One of the primary design goals of C# in the early days was to be familiar to C and C++ programmers, while eliminating many of the “gotchas” of C and C++. It is interesting to see what different choices were possible when trying to reduce the dangers of certain idioms while still retaining both familiarity and performance. I thought I’d talk a bit about one of those today, namely, how integer arithmetic works in C#.
One of the biggest problems with C and C++ is that you don’t even know for sure what the range is of an integer; every compiler can differ, which makes it tricky to write truly portable code. C# solves this problem by simply removing the ambiguity. In C#, an int is a 32 bit twos-complement, number, end of story. So that problem is solved. But many more remain.
The fundamental problem is that integer arithmetic in C, C++ and C# behaves only superficially like the integer arithmetic you learned in school. In normal arithmetic there are nice properties like “adding two positive numbers results in a third positive number”, which do not hold in these languages because of integer overflow. Even the property that there is no highest integer is a very useful mathematical property that does not hold. (A mathematician would note that the integer arithmetic that we have in C# is a commutative ring, but few developers have studied ring theory.)
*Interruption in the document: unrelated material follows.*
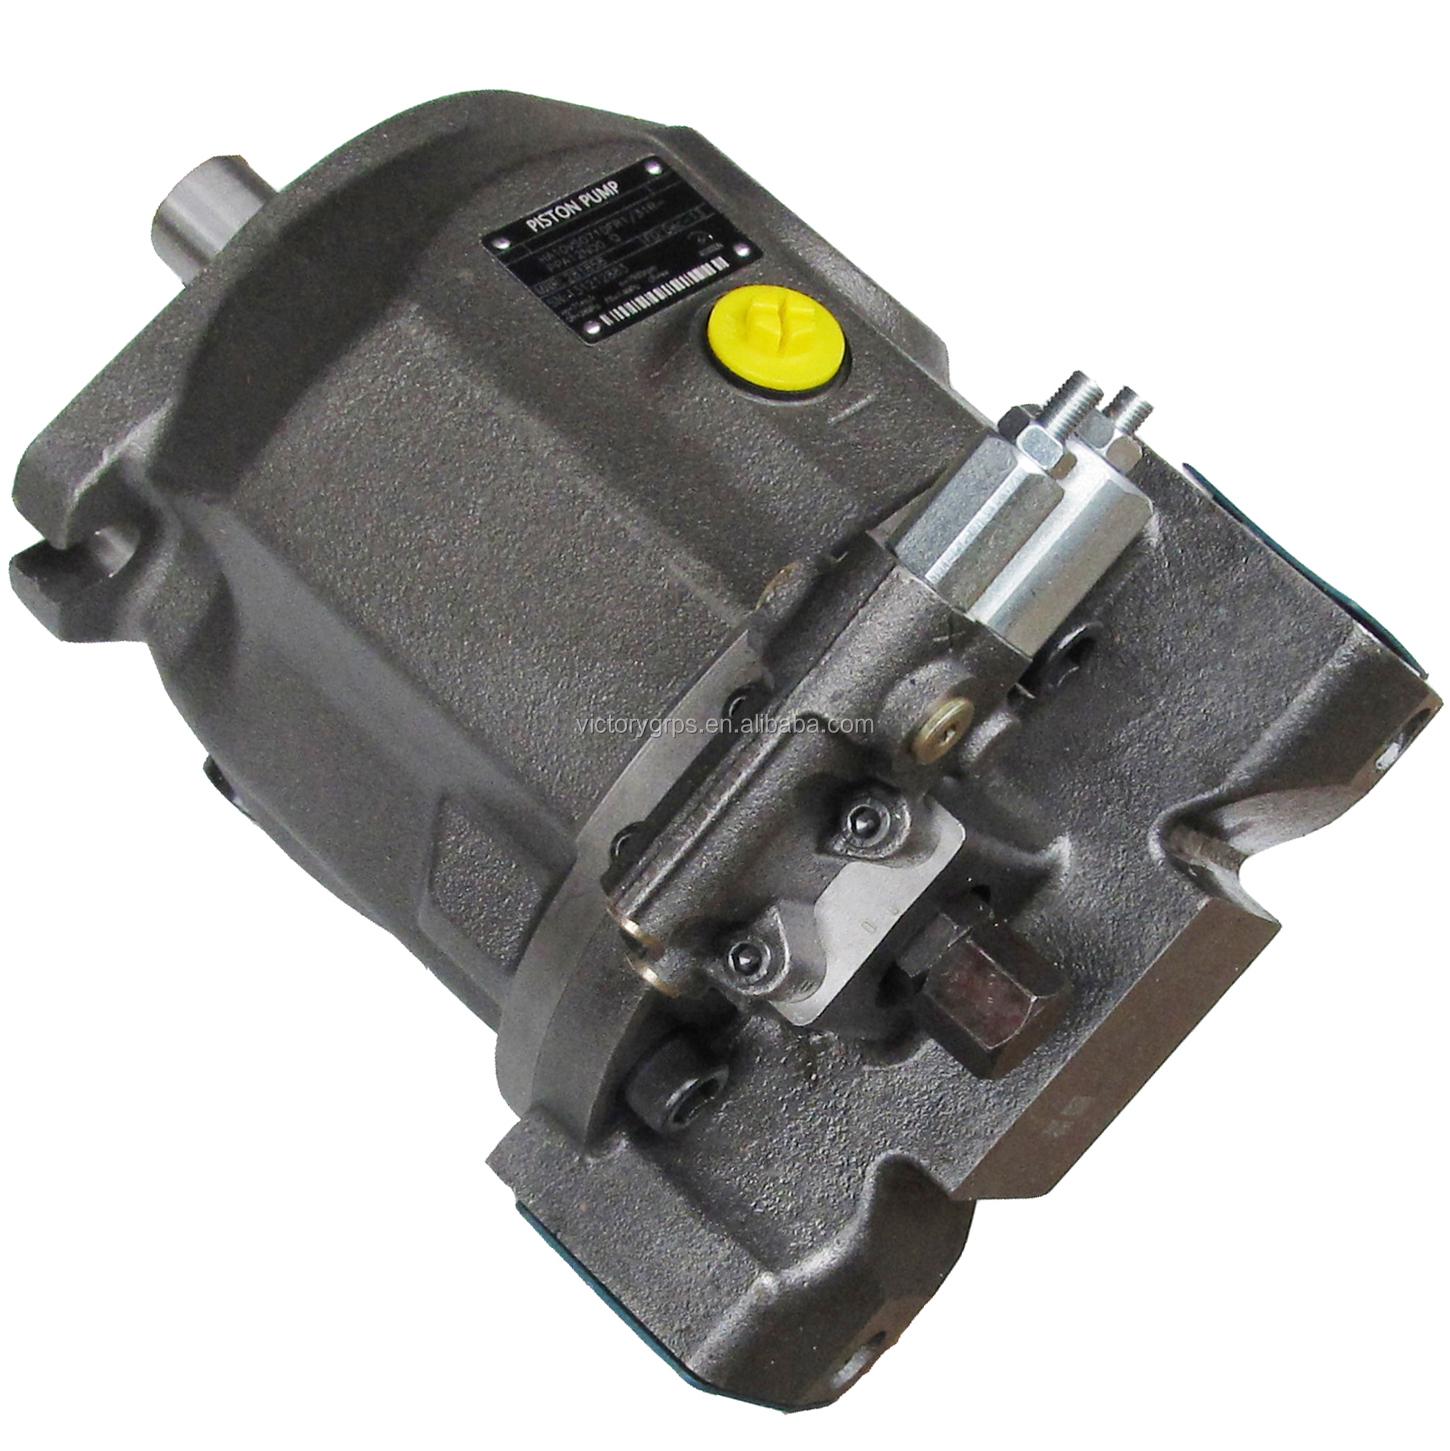 Axial Piston Brueninghaus Hydromatik Rexroth 52W A10VEC A10VEC45 and 23 28 37 45 58 63 A10FE A10FM A10VE Motor

This is bad because it leads to bugs. It is good because the vast majority of integer arithmetic done in any of these languages involves integers whose magnitudes are tiny compared to the possible range of the integer type, and because this kind of arithmetic can be done extremely quickly by computers. So then question then for the designers of C# is: how do we keep the desirable high performance while still enabling developers to detect and prevent bugs?
Of course, one choice would be to simply reject the premise that speed is the most important thing, and make math work correctly across the board. A “big integer” could be the default integer type, as it is in some other languages. Frankly, I spend billions of nanoseconds waiting for stuff to stream down from the network every day; I don’t really care if my arithmetic takes a few extra nanoseconds. It might be worthwhile to say that the default type is big integers, and if you want high performance integers, then you have to use a special type.
But when C# was developed, I doubt that this was even considered for a moment. Keeping the performance up, and being able to interface easily with existing libraries of unmanaged code, and leveraging the existing knowledge of developers used to 32 bit integers, were all high priorities. And we lived in a world where high latency was due mostly to the CPU taking a long time, not waiting for network I/O so much.
The decision the C# designers actually made was to have two kinds of integer arithmetic: checked, and unchecked. Unchecked arithmetic has all the speed and danger that you have learned to love from C and C++, and checked arithmetic throws an exception on overflow. It is slightly slower, but a lot safer.
How exactly is that safer? Because it is better to crash the program and bring the bug to the attention of the users and the developers, than to muddle on through. If the programmer believed that all arithmetic operations should be on integers that are tiny compared to the range of an integer, and in fact they are not, then something is fundamentally wrong with the program, it is unreliable, and it should be stopped before it does any more harm.
So it seems pretty clear why we would want to have a “checked” keyword in C#; it says “in this bit of the code, I assert that my integer arithmetic does not overflow, and if it does, I’d rather crash the program than muddle on through”. But what possible use is the unchecked keyword? Unchecked arithmetic is the default!